Latest revision as of 19:21, 10 June 2022

Description

platypus website  

Platypus is a tool designed for efficient and accurate variant-detection in high-throughput sequencing data. By using local realignment of reads and local assembly it achieves both high sensitivity and high specificity. Platypus can detect SNPs, MNPs, short indels, replacements and (using the assembly option) deletions up to several kb. It has been extensively tested on whole-genome, exon-capture, and targeted capture data, it has been run on very large datasets as part of the Thousand Genomes and WGS500 projects, and is being used in clinical sequencing trials in the Mainstreaming Cancer Genetics programme. Platypus has been thoroughly tested on data mapped with Stampy and BWA. It has not been tested with other mappers, but it should behave well. Platypus has been used to detect variants inhHuman, mouse, rat and chimpanzee samples, amongst others, and it should perform well on data from any diploid organism.

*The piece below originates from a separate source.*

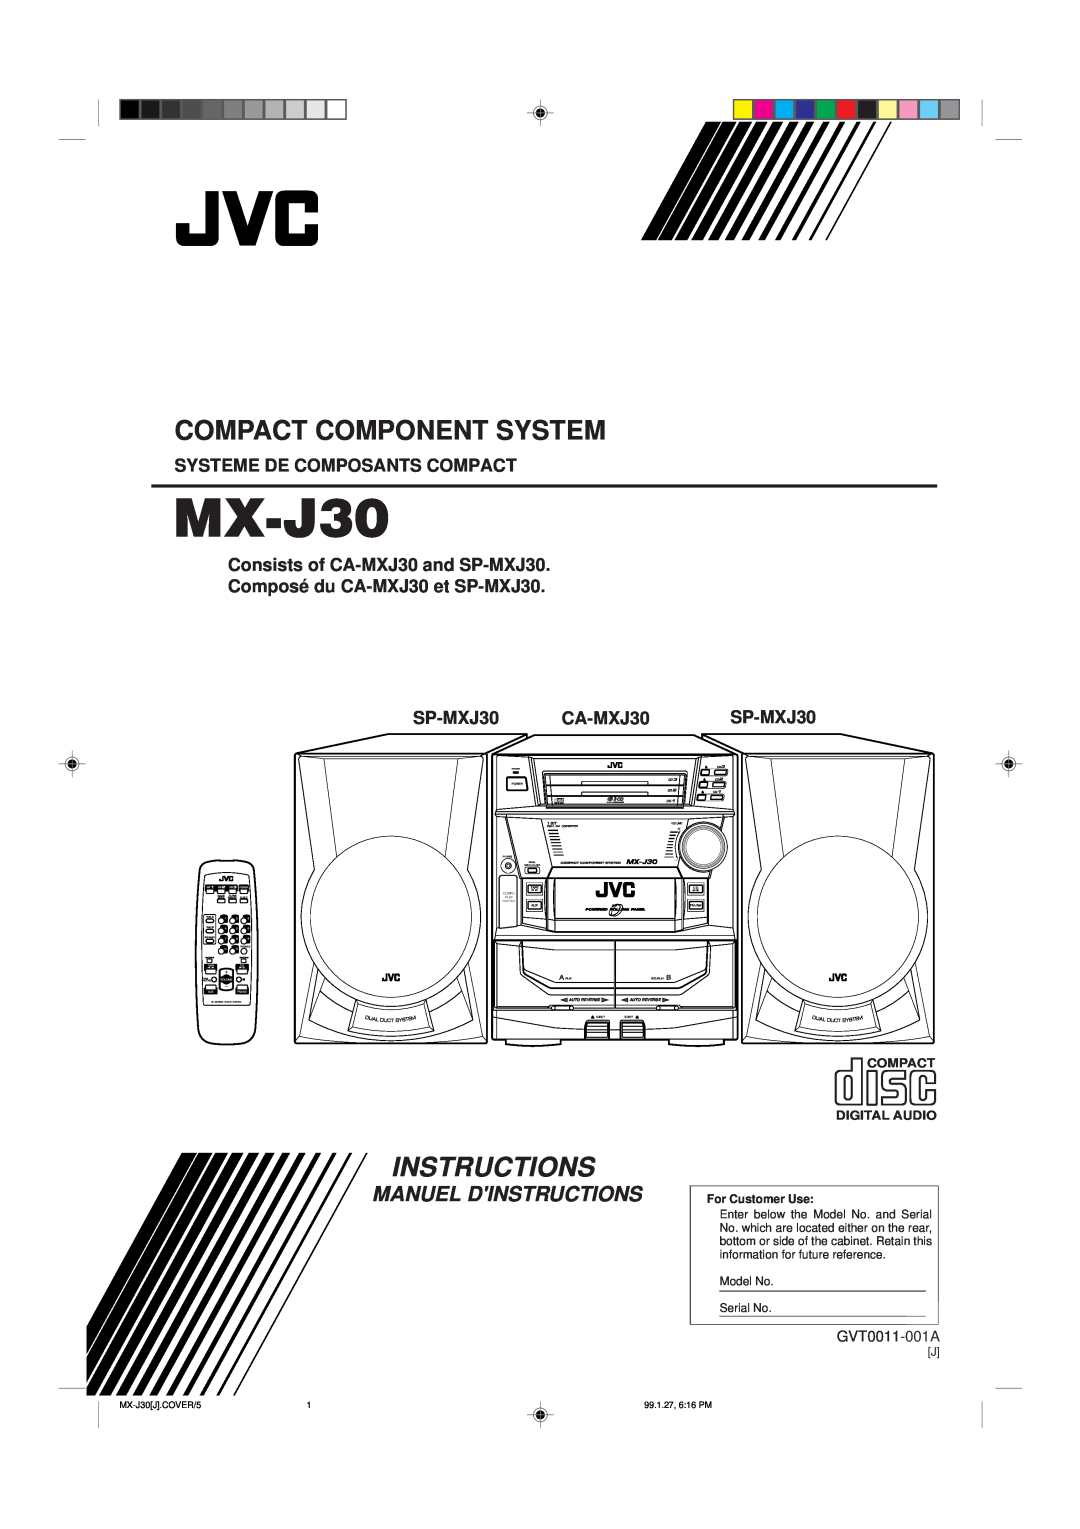 JVC MX-J30 manual Systeme De Composants Compact, Consists of CA-MXJ30 and SP-MXJ30 Composé du CA-MXJ30 et SP-MXJ30, Power

It has also been used to find somatic mutations in cancer, and mozaic mutations in human exome data.

Environment Modules

Run module spider platypus to find out what environment modules are available for this application.

System Variables

  • HPC_PLATYPUS_DIR - installation directory




Citation

If you publish research that uses platypus you have to cite it as follows:

Andy Rimmer, Hang Phan, Iain Mathieson, Zamin Iqbal, Stephen R. F. Twigg, WGS500 Consortium, Andrew O. M. Wilkie, Gil McVean, Gerton Lunter. Integrating mapping-, assembly- and haplotype-based approaches for calling variants in clinical sequencing applications.